(Beginning of Exercise data)

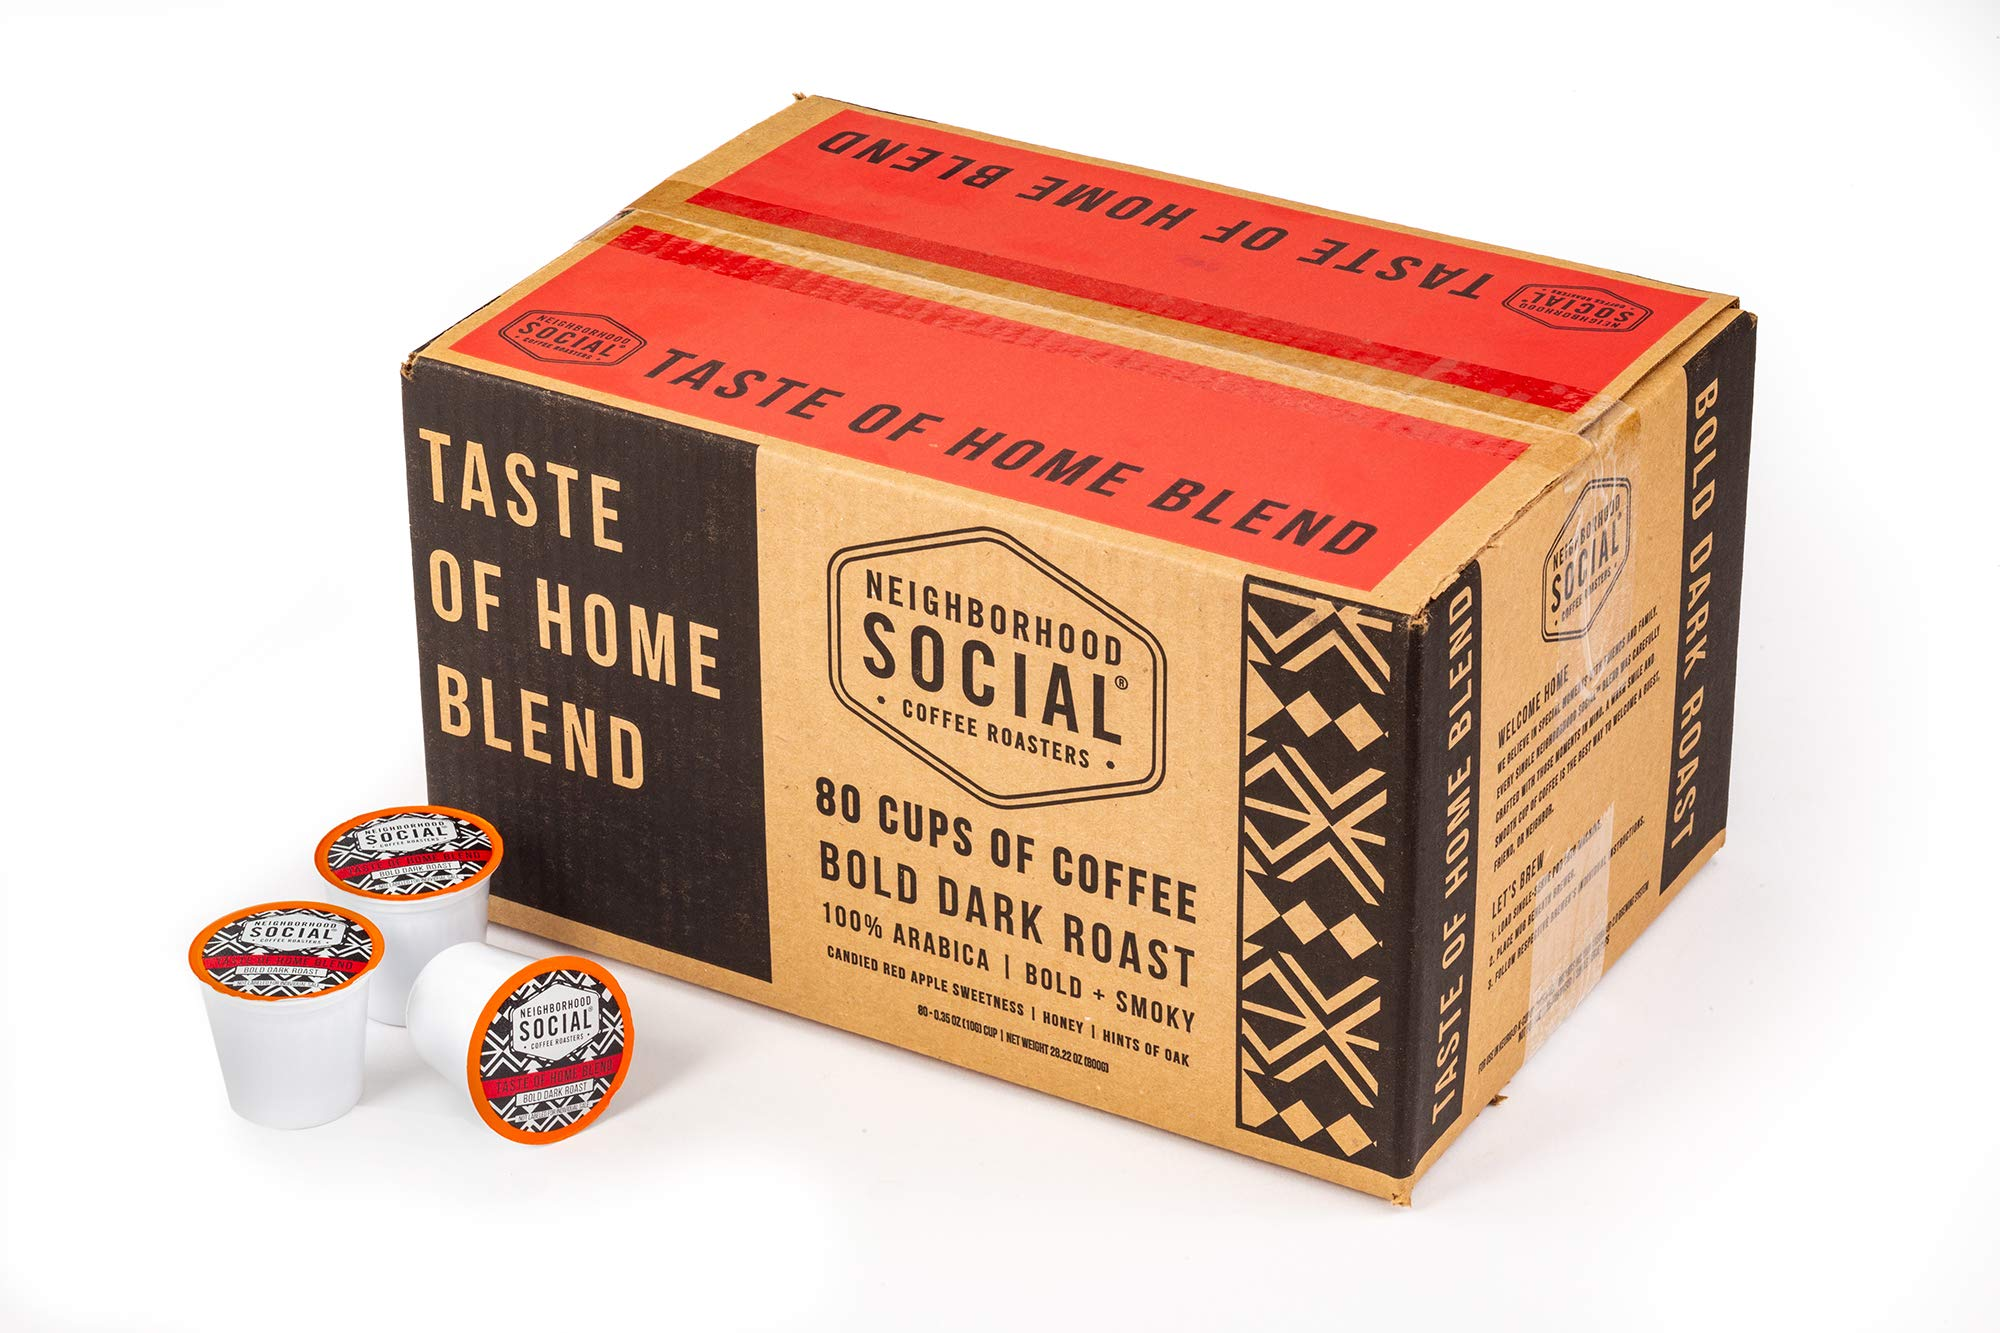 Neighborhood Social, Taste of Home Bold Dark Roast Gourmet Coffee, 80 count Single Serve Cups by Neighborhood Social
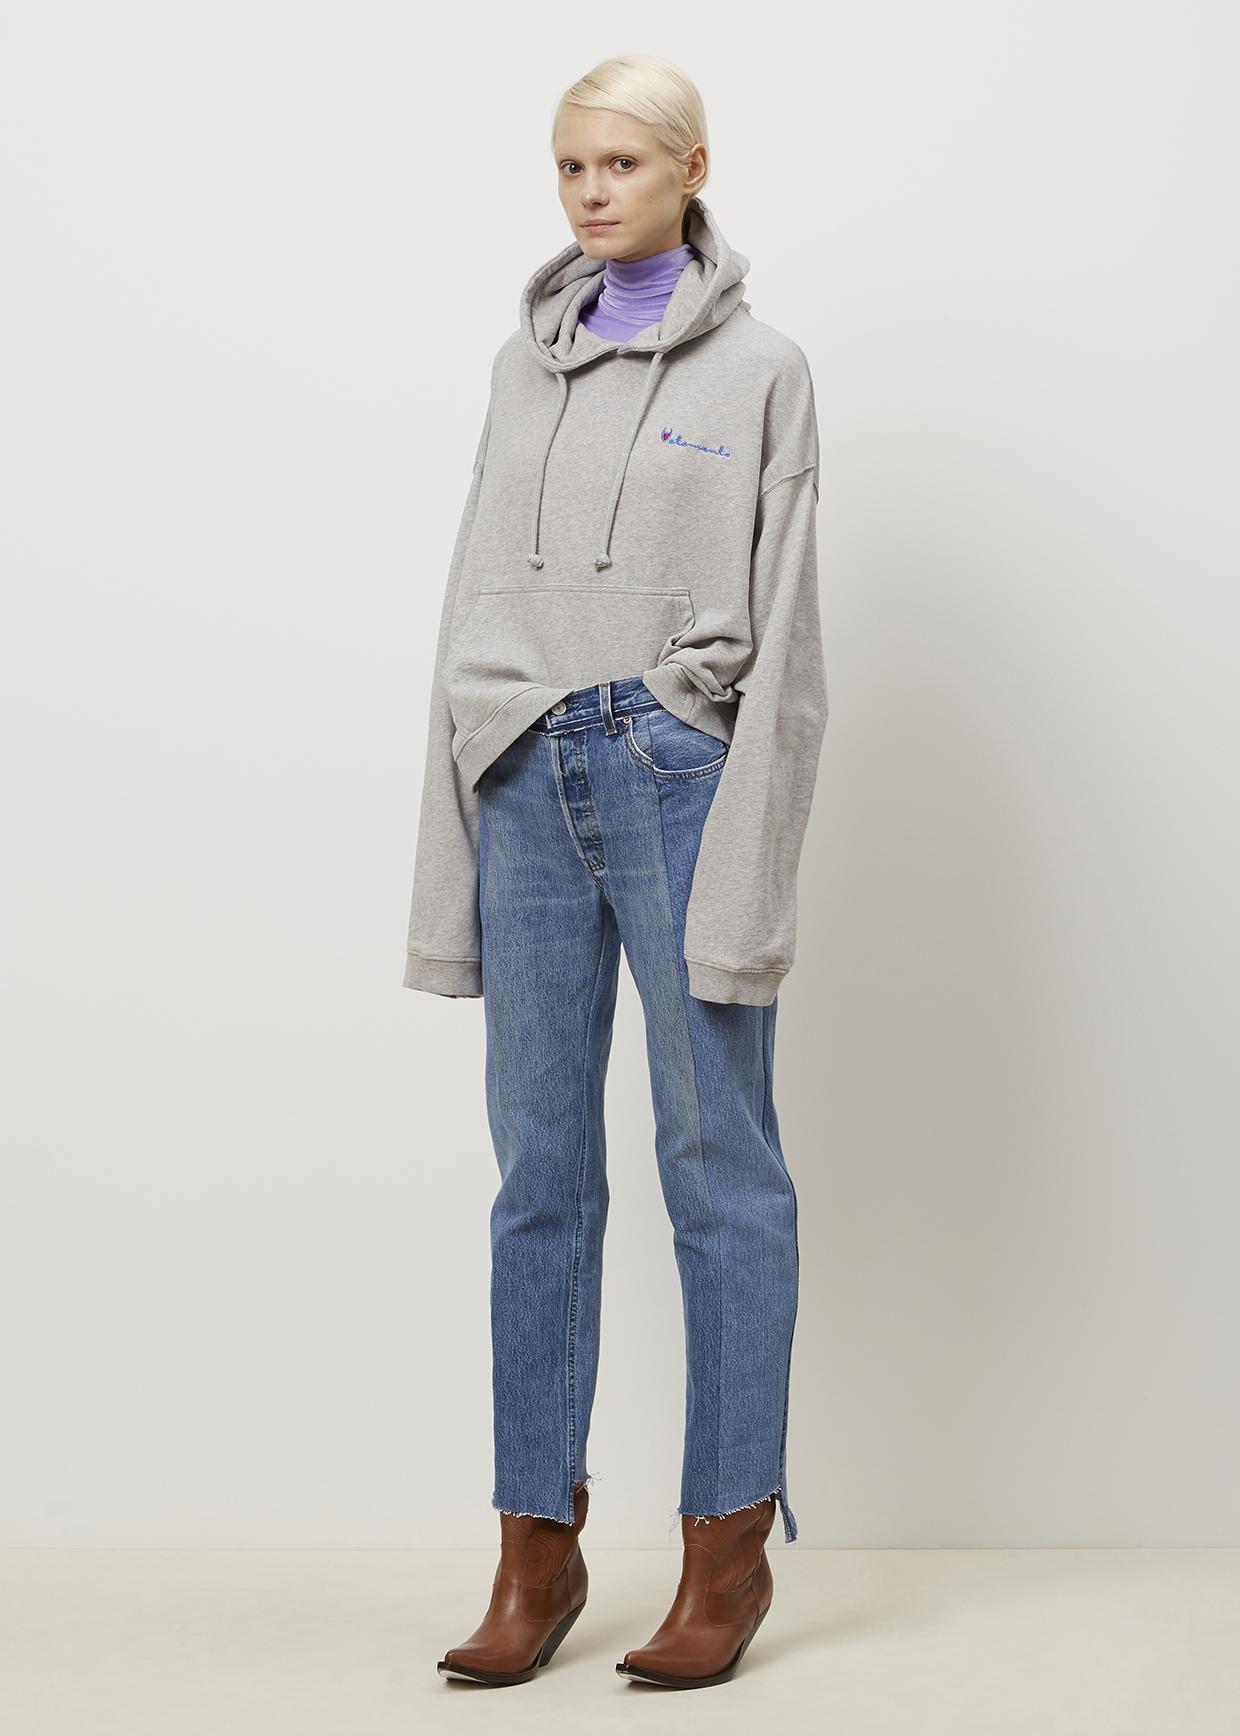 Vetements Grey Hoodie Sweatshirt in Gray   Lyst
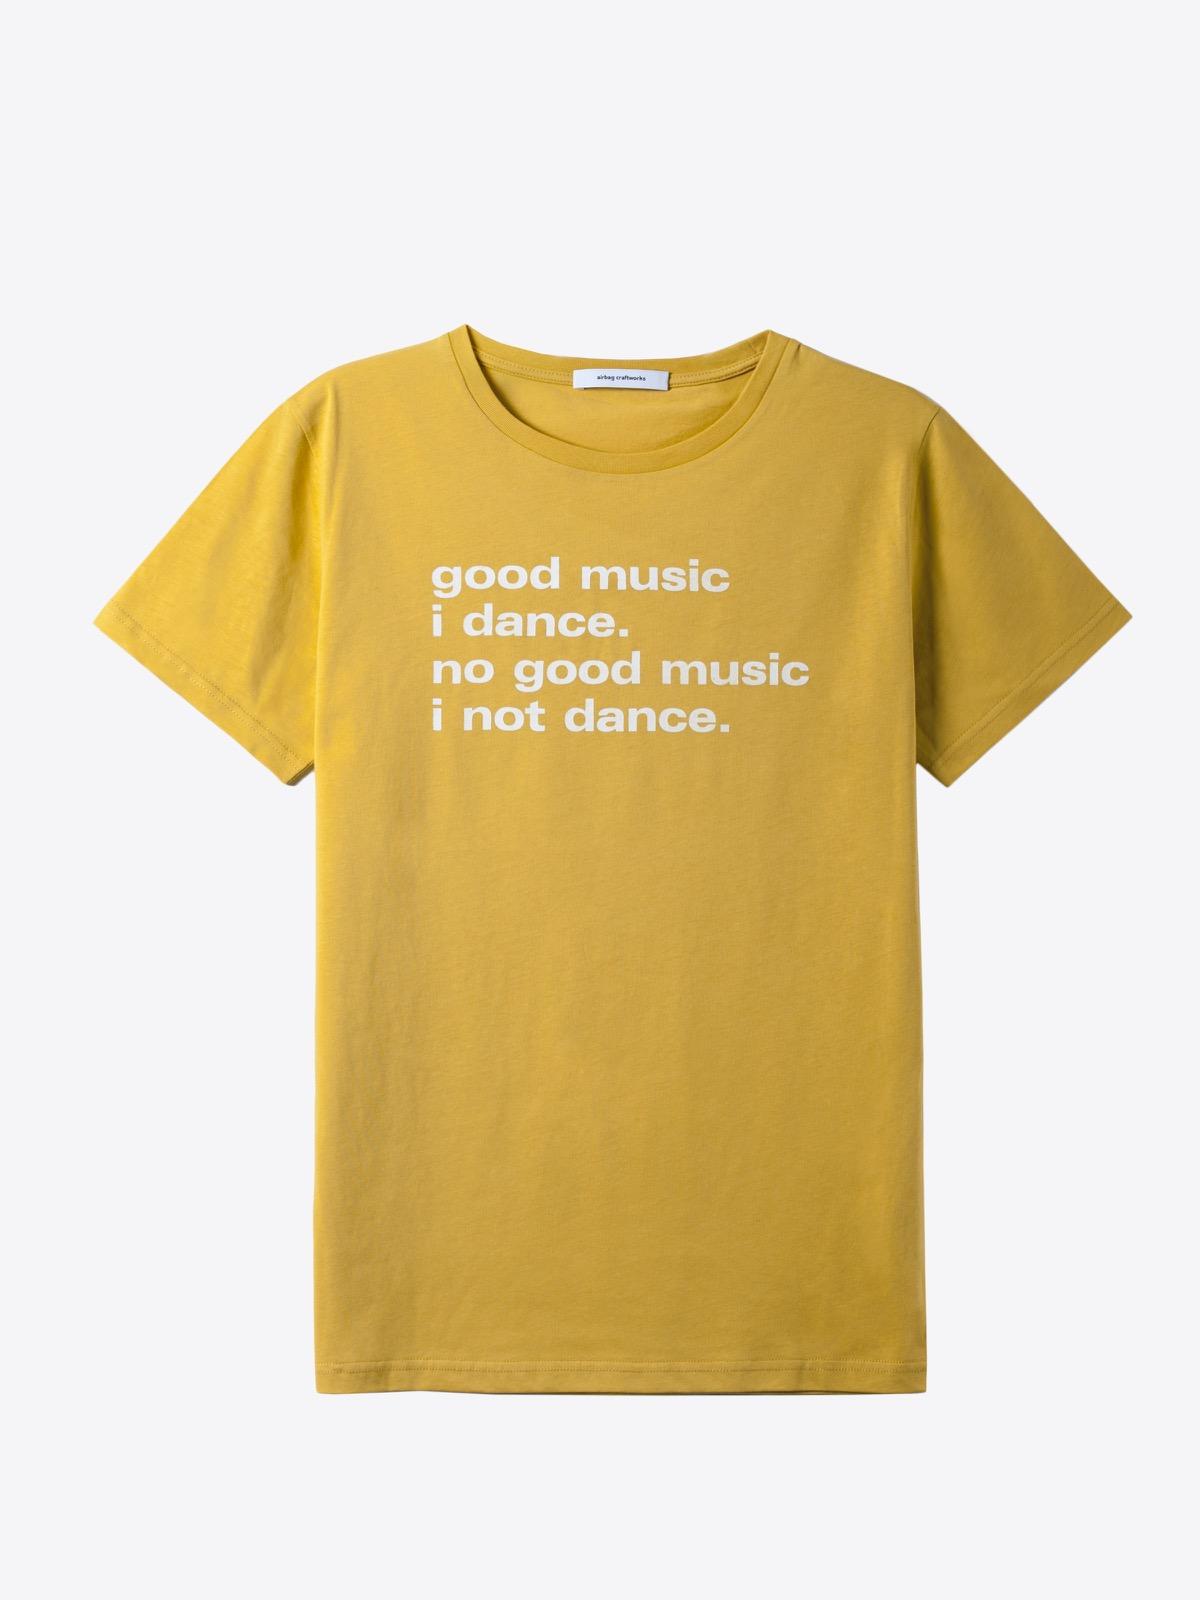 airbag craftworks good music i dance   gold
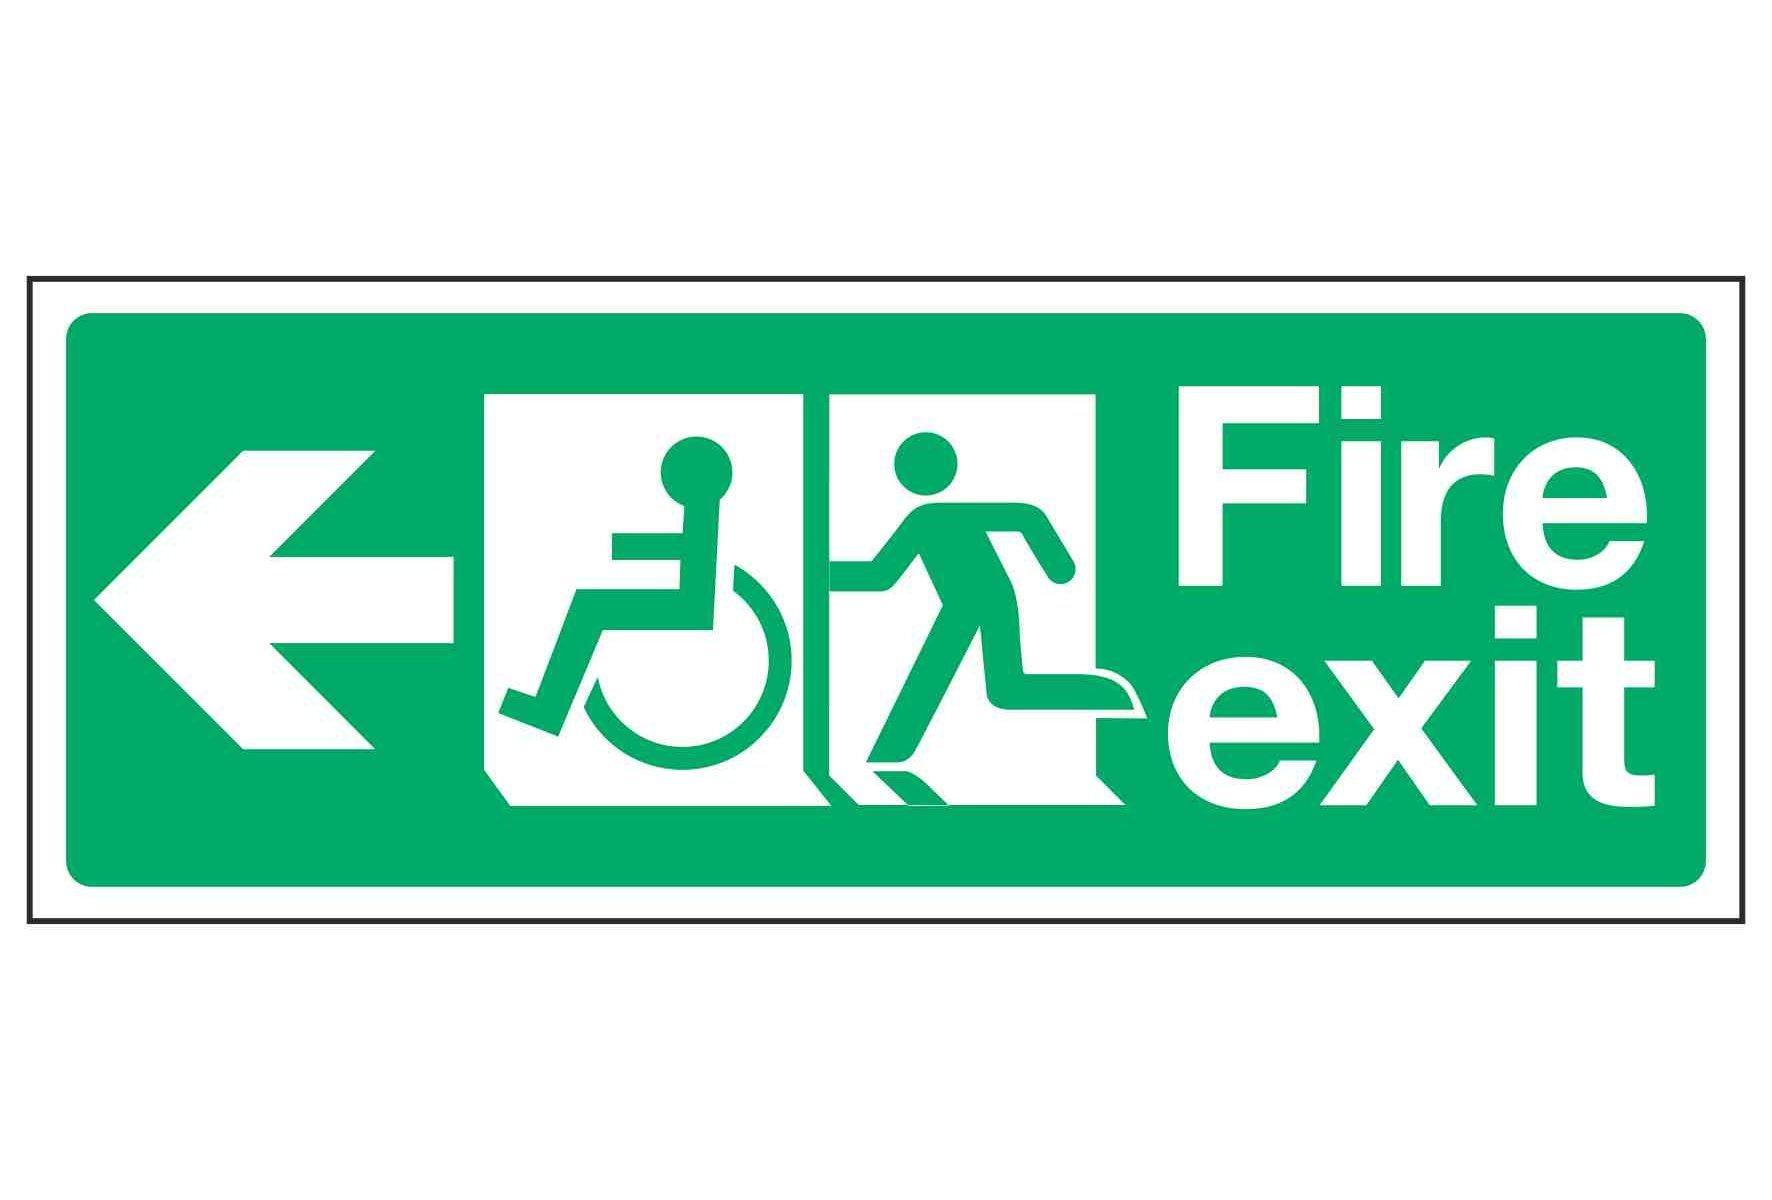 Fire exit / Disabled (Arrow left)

(End of Exercise data)

_Problem to work on:_ Set the listing down again exactly, skipping each picture.

_Result of this task:_
 Neighborhood Social, Taste of Home Bold Dark Roast Gourmet Coffee, 80 count Single Serve Cups by Neighborhood Social
 Vetements Grey Hoodie Sweatshirt in Gray   Lyst
 airbag craftworks good music i dance   gold
 Fire exit / Disabled (Arrow left)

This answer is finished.